CS: Frans Zwartjes famously declared once: “There is only one topic, the vagina. In fact, there are no other relevant topics.” His video work has often been the target of fierce criticism for what seemed to some as an endorsement of womenunfriendlyideas and practices. In many of his works, women are overtly looked at, stalked by men and their mechanical eye, the camera.

HS: An important aspect of Zwartjes’ work is dealing with power relations and how they are embodied in plays of looks. Who is active and looking, and who is passive and being looked at are essential questions to understand the way in which some groups in society have more power than others. And there is surely an ambiguity here. You cannot denounce a state of inequality without somehow contributing to it. It is the inherent tragedy of representation.


CS: How do your videos and performances relate to your iPhone self-portraits though?
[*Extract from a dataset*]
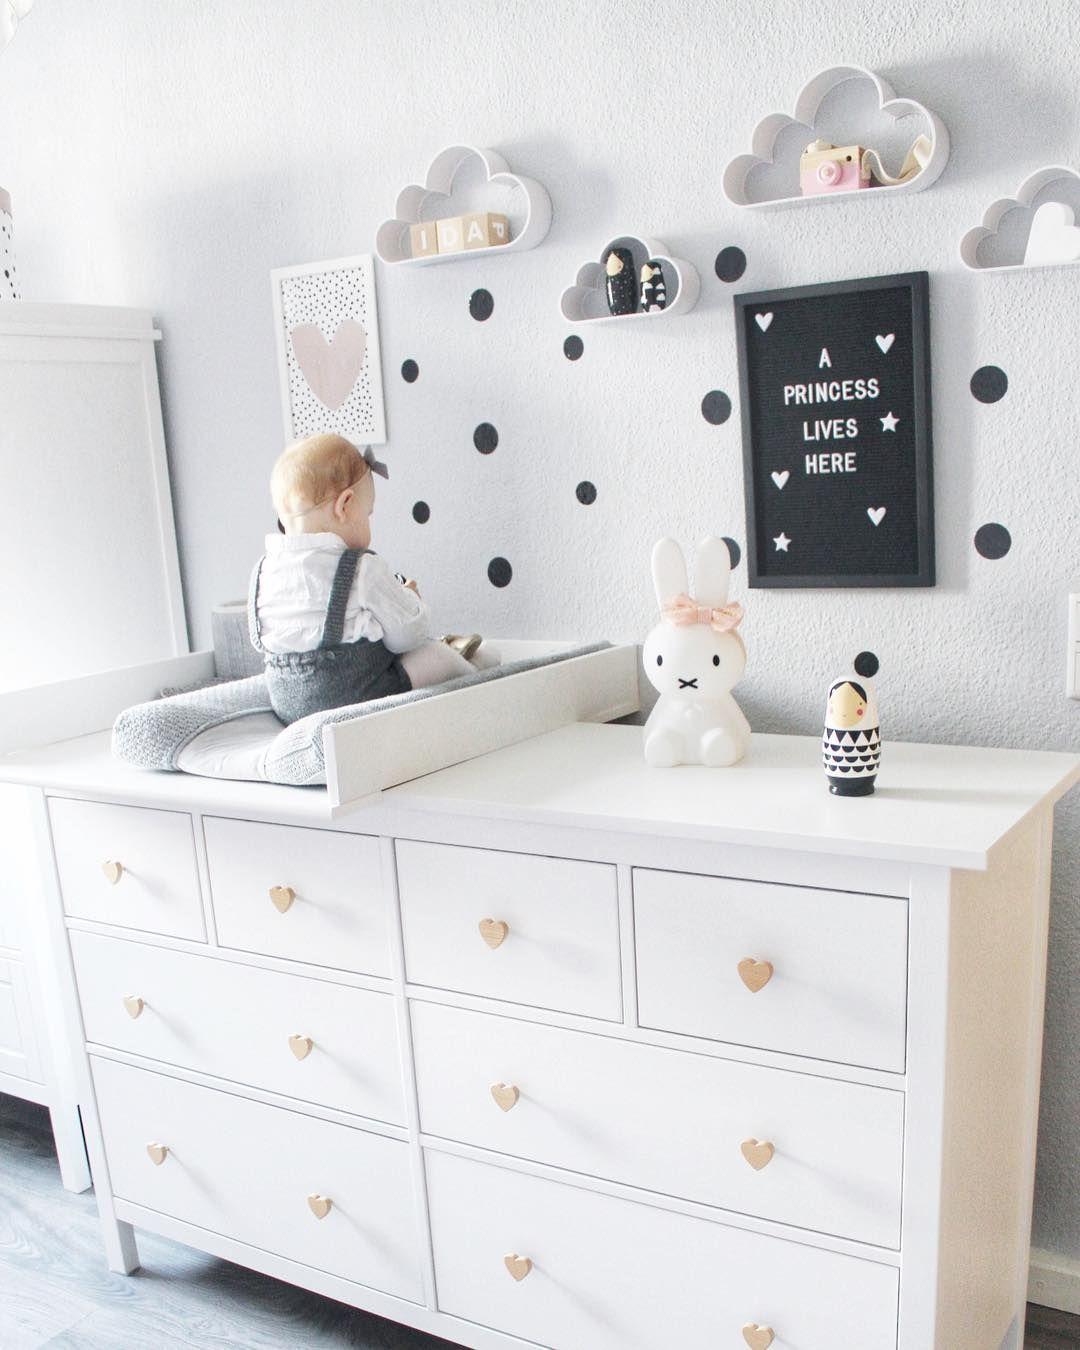 Full Size of Ein Traumhaft Schnes Kinderzimmer Mit Der Ikea Hemnes Kommode Als Küche Kosten Miniküche Kaufen Möbelgriffe Betten 160x200 Modulküche Sofa Schlaffunktion Wohnzimmer Möbelgriffe Ikea
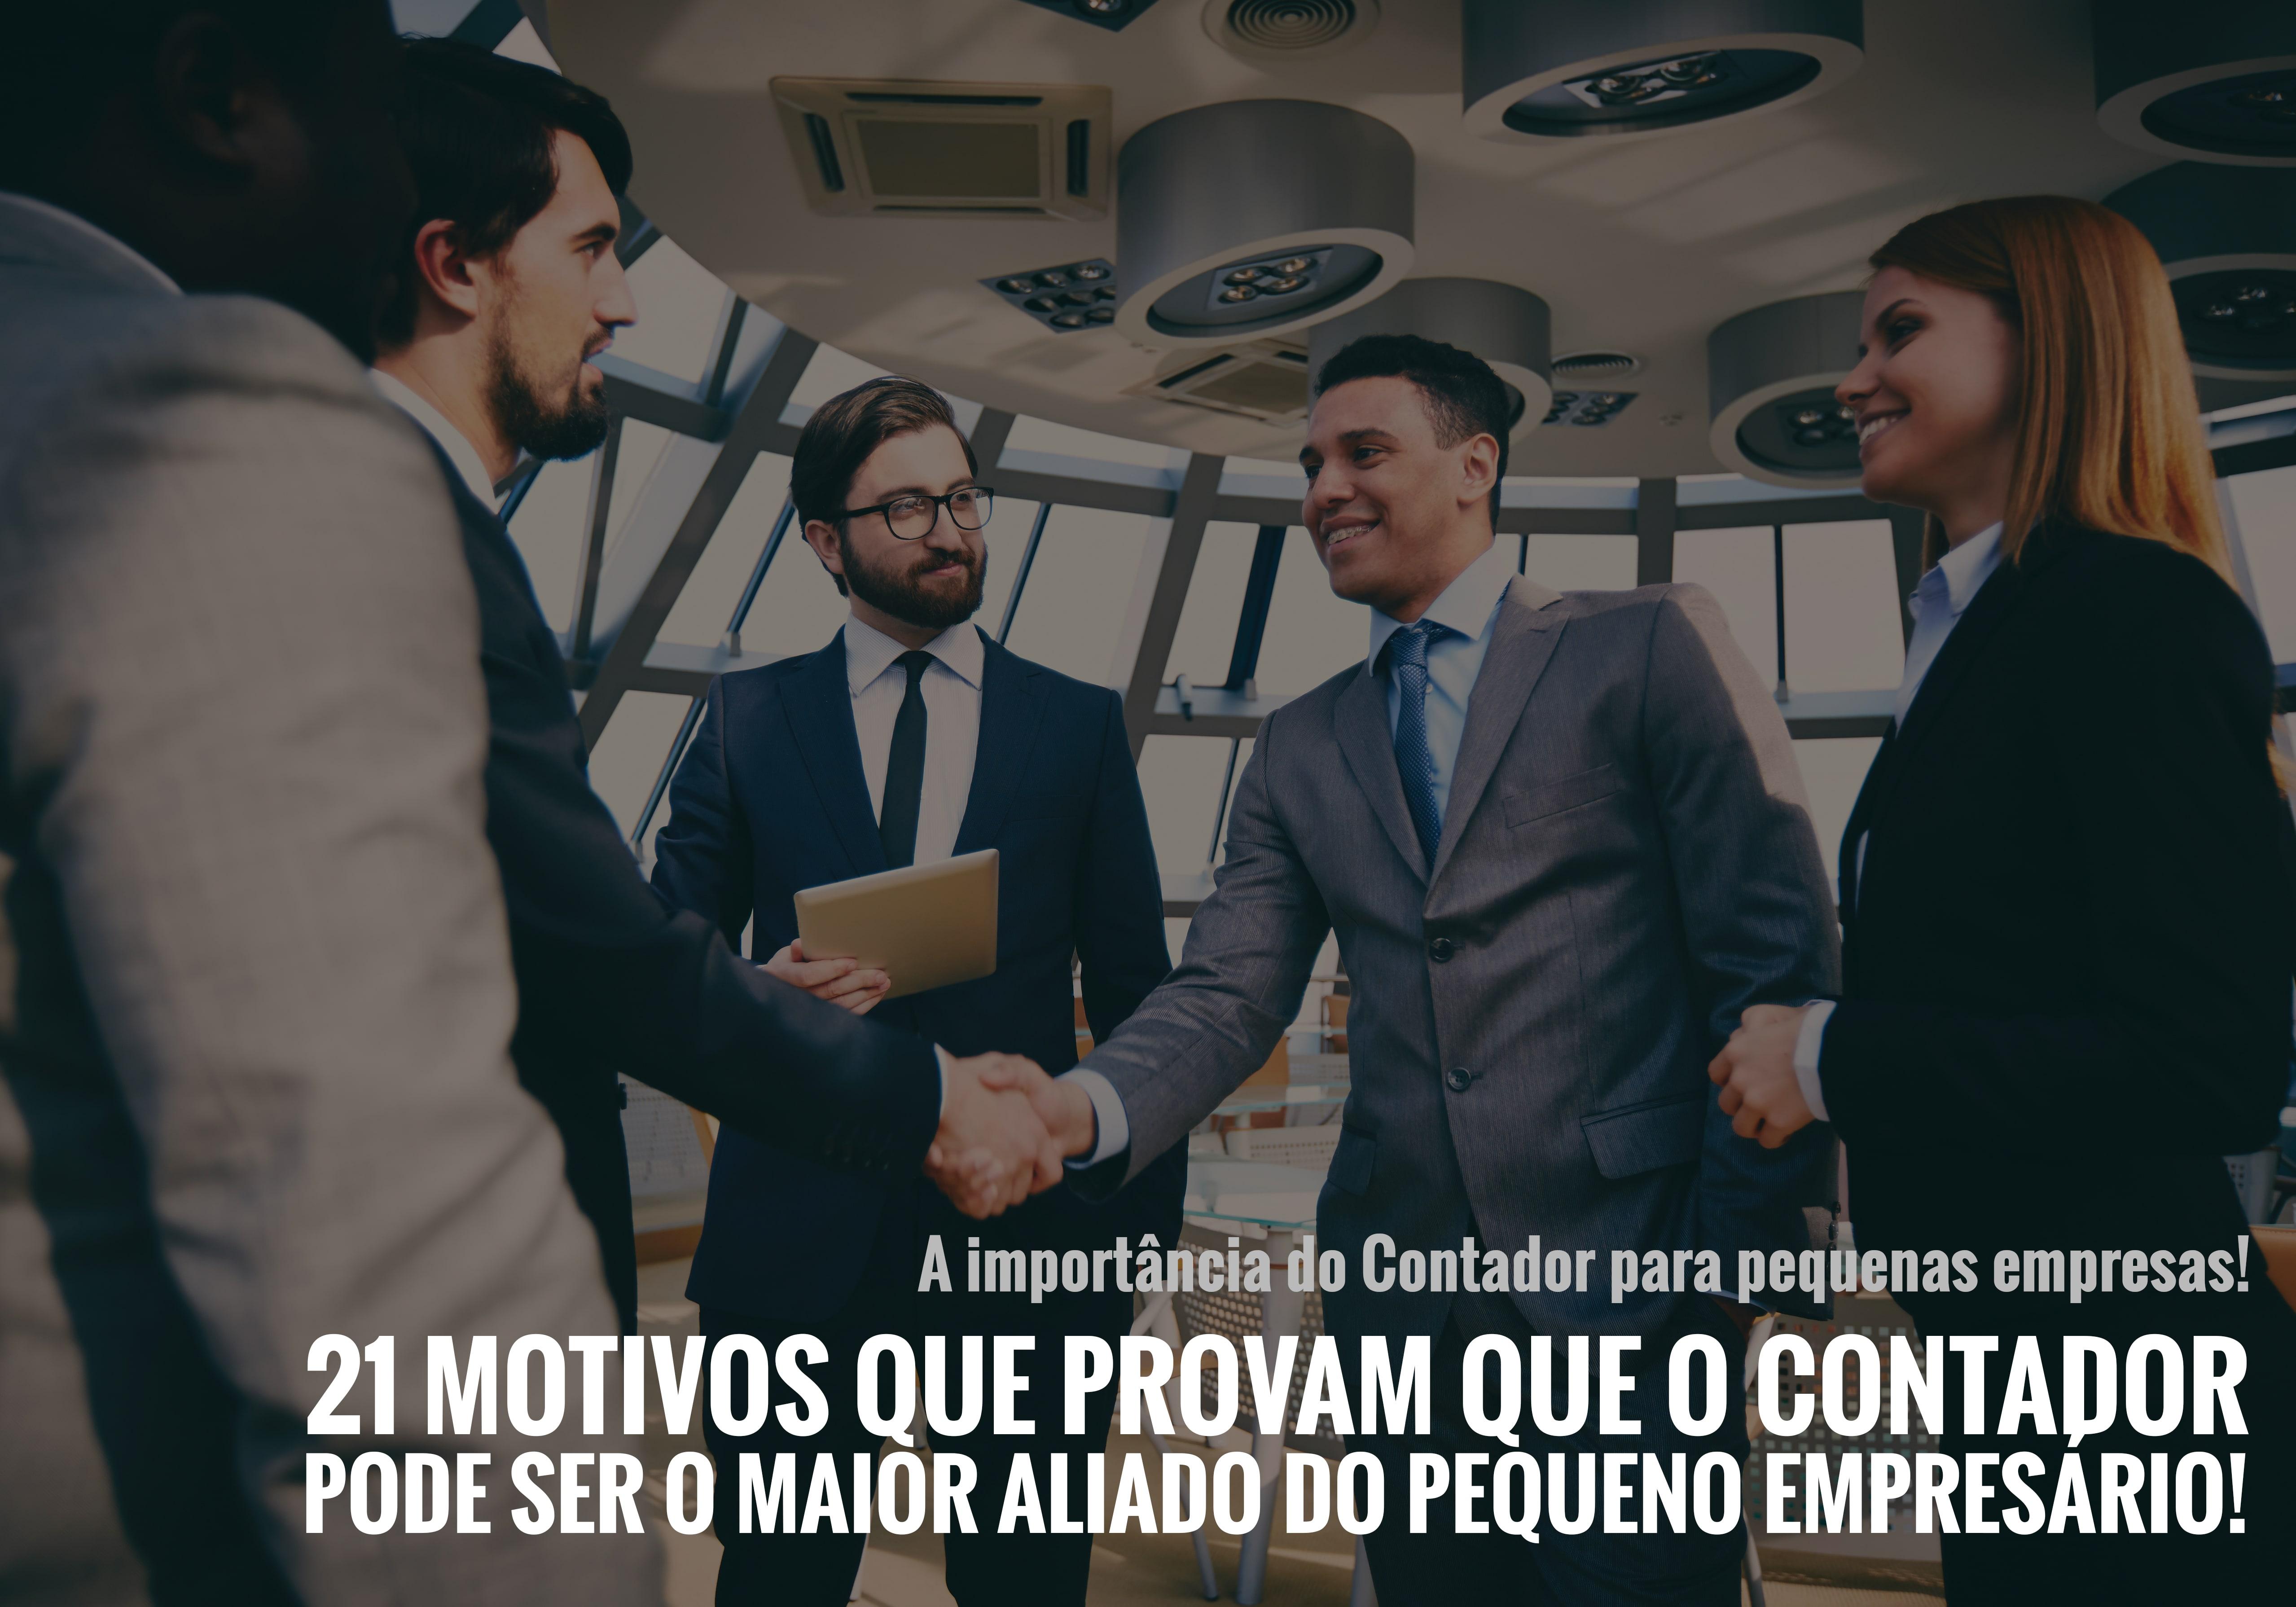 A importância do Contador para pequenas empresas!

HS: The questions of who is looking and how a woman has to present herself in order to be seen as one, have been recurring issues in my work. In the iPhone self-portrait series, I was trying in an almost compulsive way to comply to contemporary codes of femininity as we abundantly see them reflected in all sorts of advertisements from billboards to MTV videos. These codes define women as sex objects and link a woman’s identity with her sexuality. I was trying to appropriate these clichés of the ‘sensual, seductive’ woman and flip them on their head. As I like to say: “I take them in, chew them, and spit them out again.” I shoot back.


CS: But why?

HS: I believe they are what I call ‘fake media images,’ images that lie about what desire is about and what it means to be a woman. With the self-portrait series, I was trying to deconstruct this dominant discourse by switching the ‘subject-object’ relationship without being victimized by it.


CS: A few months ago, you decided to stop uploading pictures on Facebook. Why?

HS: I still upload one self-portrait a week but I do so on my own website. I am still active on Facebook, but I believe the pictures can find their way into the world through other channels. I don’t see them anymore as a means of testing the boundaries of social media but rather as a goal in themselves. They have evolved into a set of images that are worth looking at for their formal qualities, and not solely for what they socially set in motion. They have become a sort of visual diary about my own female consciousness, desires and fantasies. They have grown into an autonomous body of work. As for my videos, I circumvent the YouTube ban by uploading my videos under new user names. You should still be able to find me.